=== WHAT YOU SHOULD DO ===
Reproduce the lines below exactly, from the one containing "Forgotten Perth Vintage" through the one containing "Các nhà khoa", both included. Leave out any pictures.

=== DATA ===
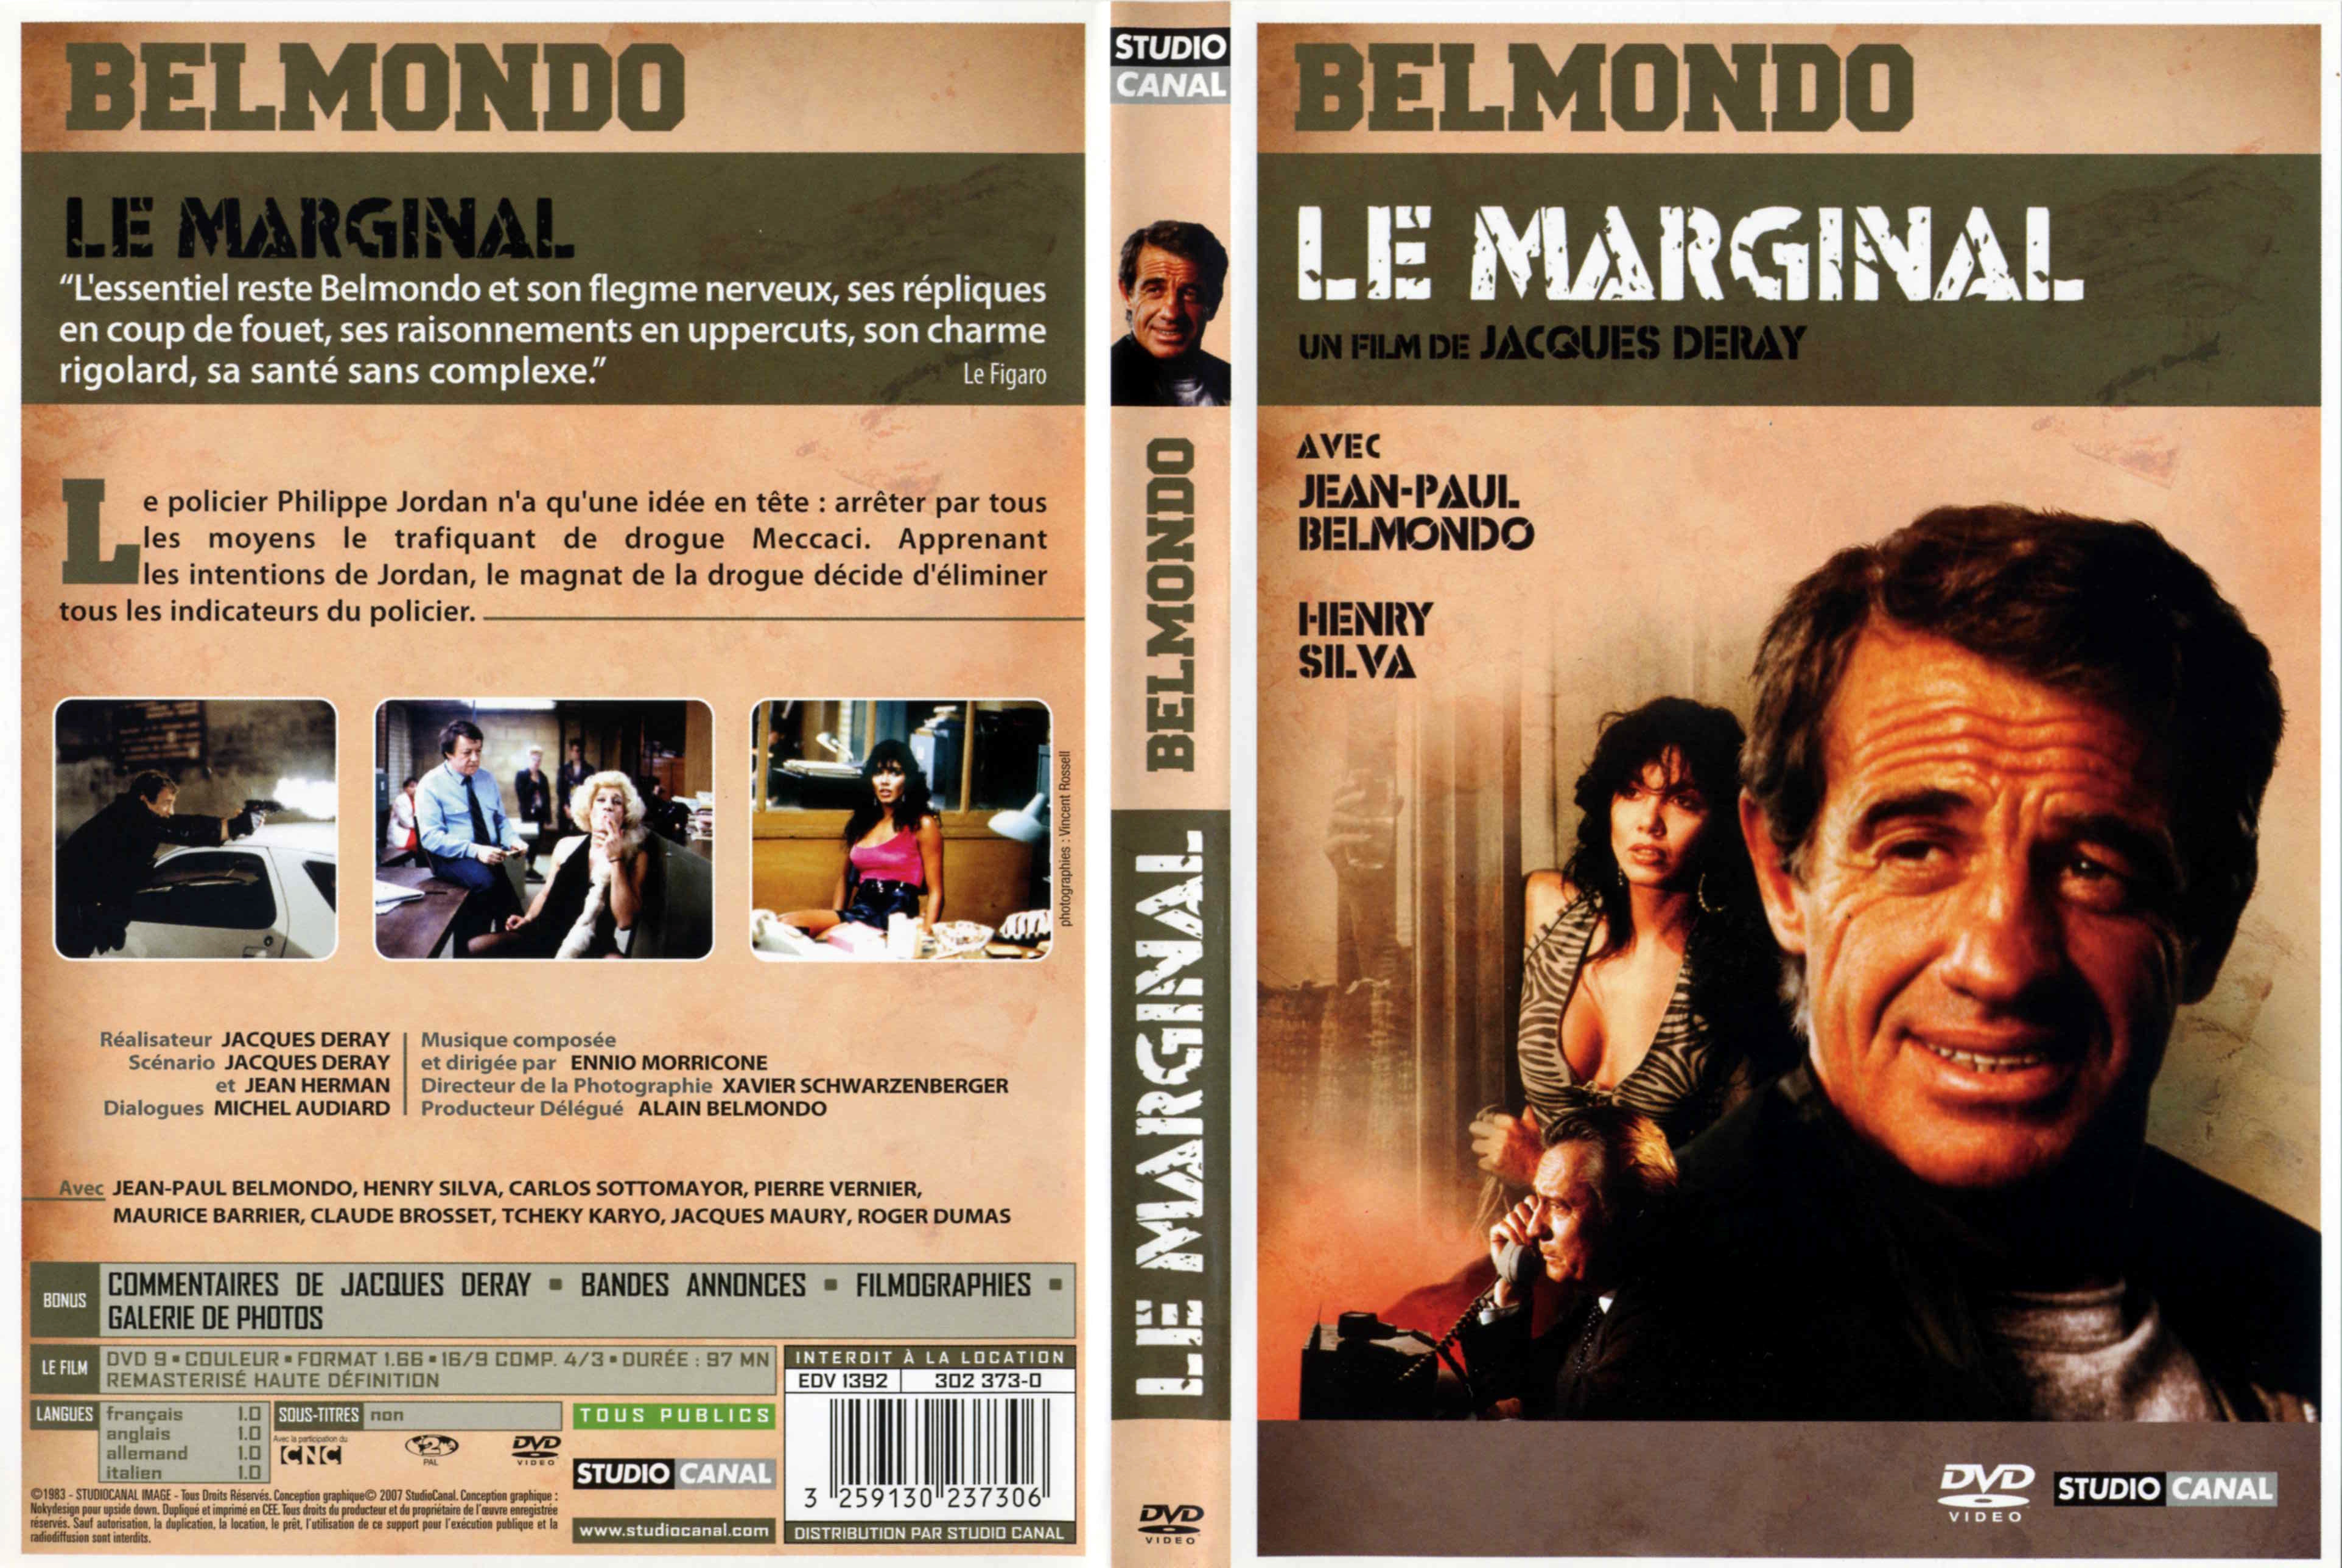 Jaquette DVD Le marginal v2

* * *

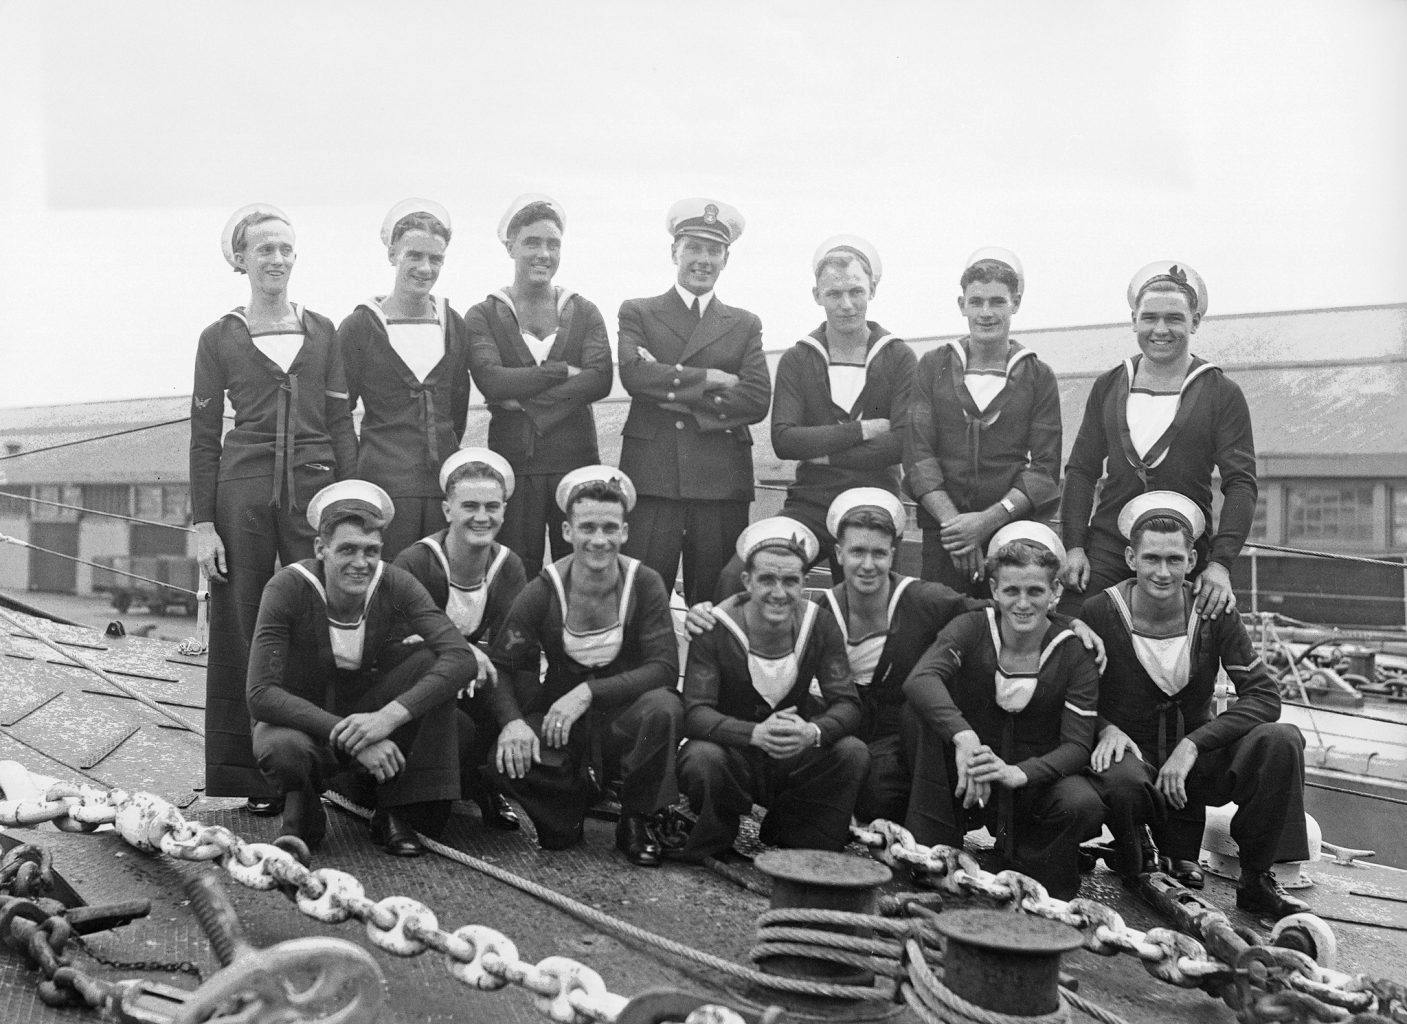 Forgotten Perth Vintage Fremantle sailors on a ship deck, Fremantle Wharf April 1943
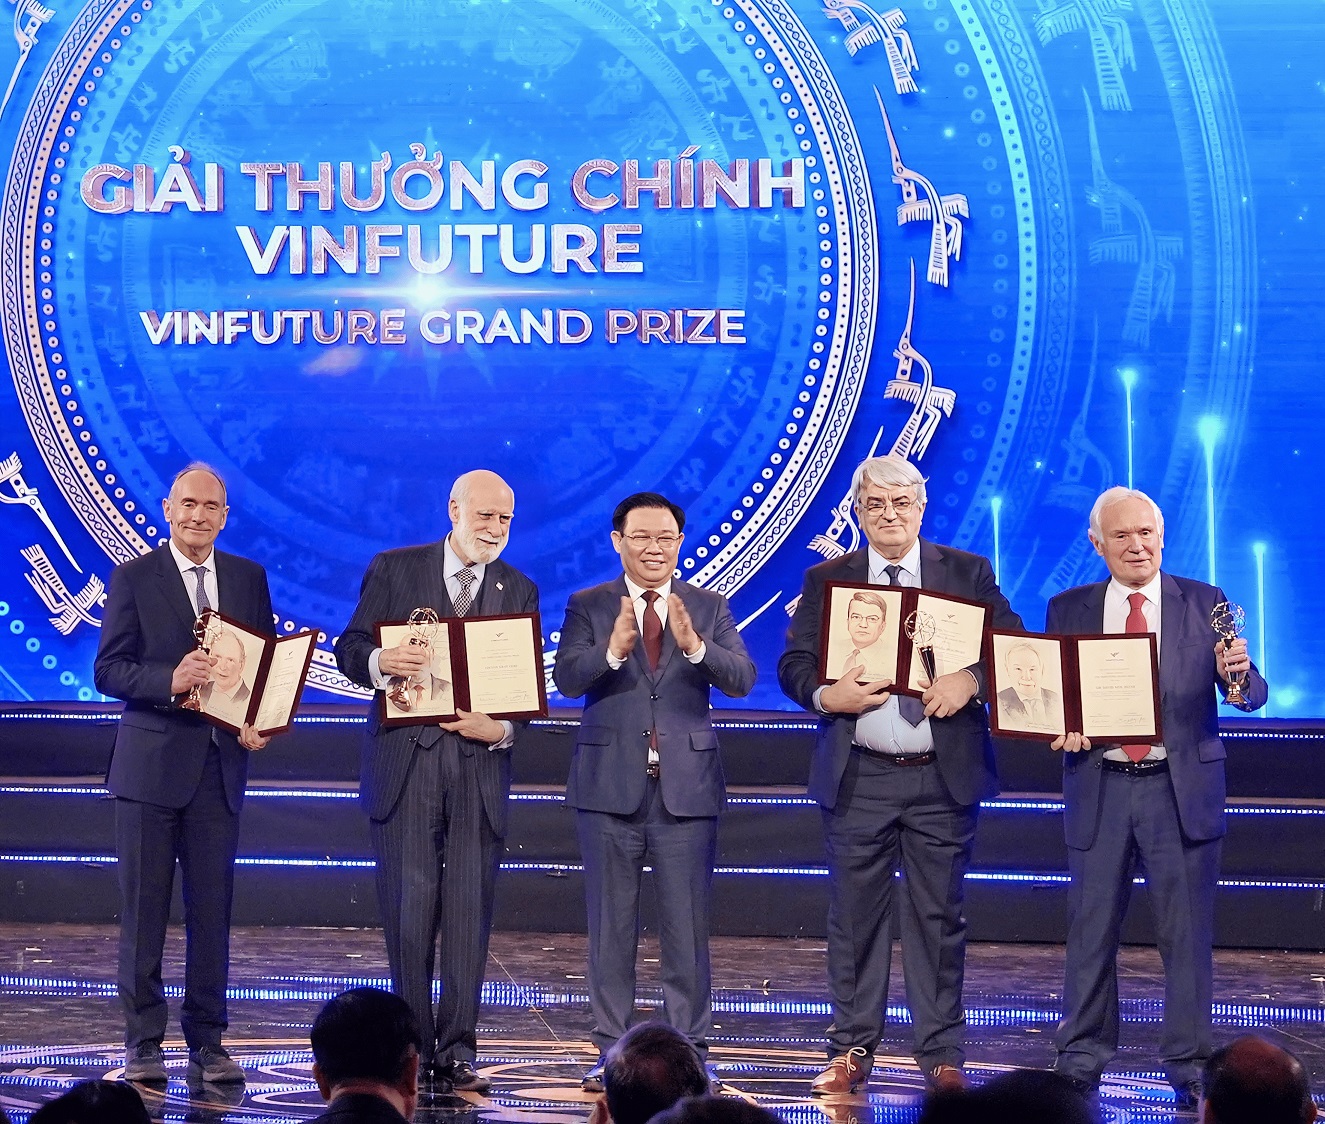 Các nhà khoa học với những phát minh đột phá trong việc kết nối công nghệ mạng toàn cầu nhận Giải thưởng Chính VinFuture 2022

=== WORKED SOLUTION ===
 Forgotten Perth Vintage Fremantle sailors on a ship deck, Fremantle Wharf April 1943
 Các nhà khoa học với những phát minh đột phá trong việc kết nối công nghệ mạng toàn cầu nhận Giải thưởng Chính VinFuture 2022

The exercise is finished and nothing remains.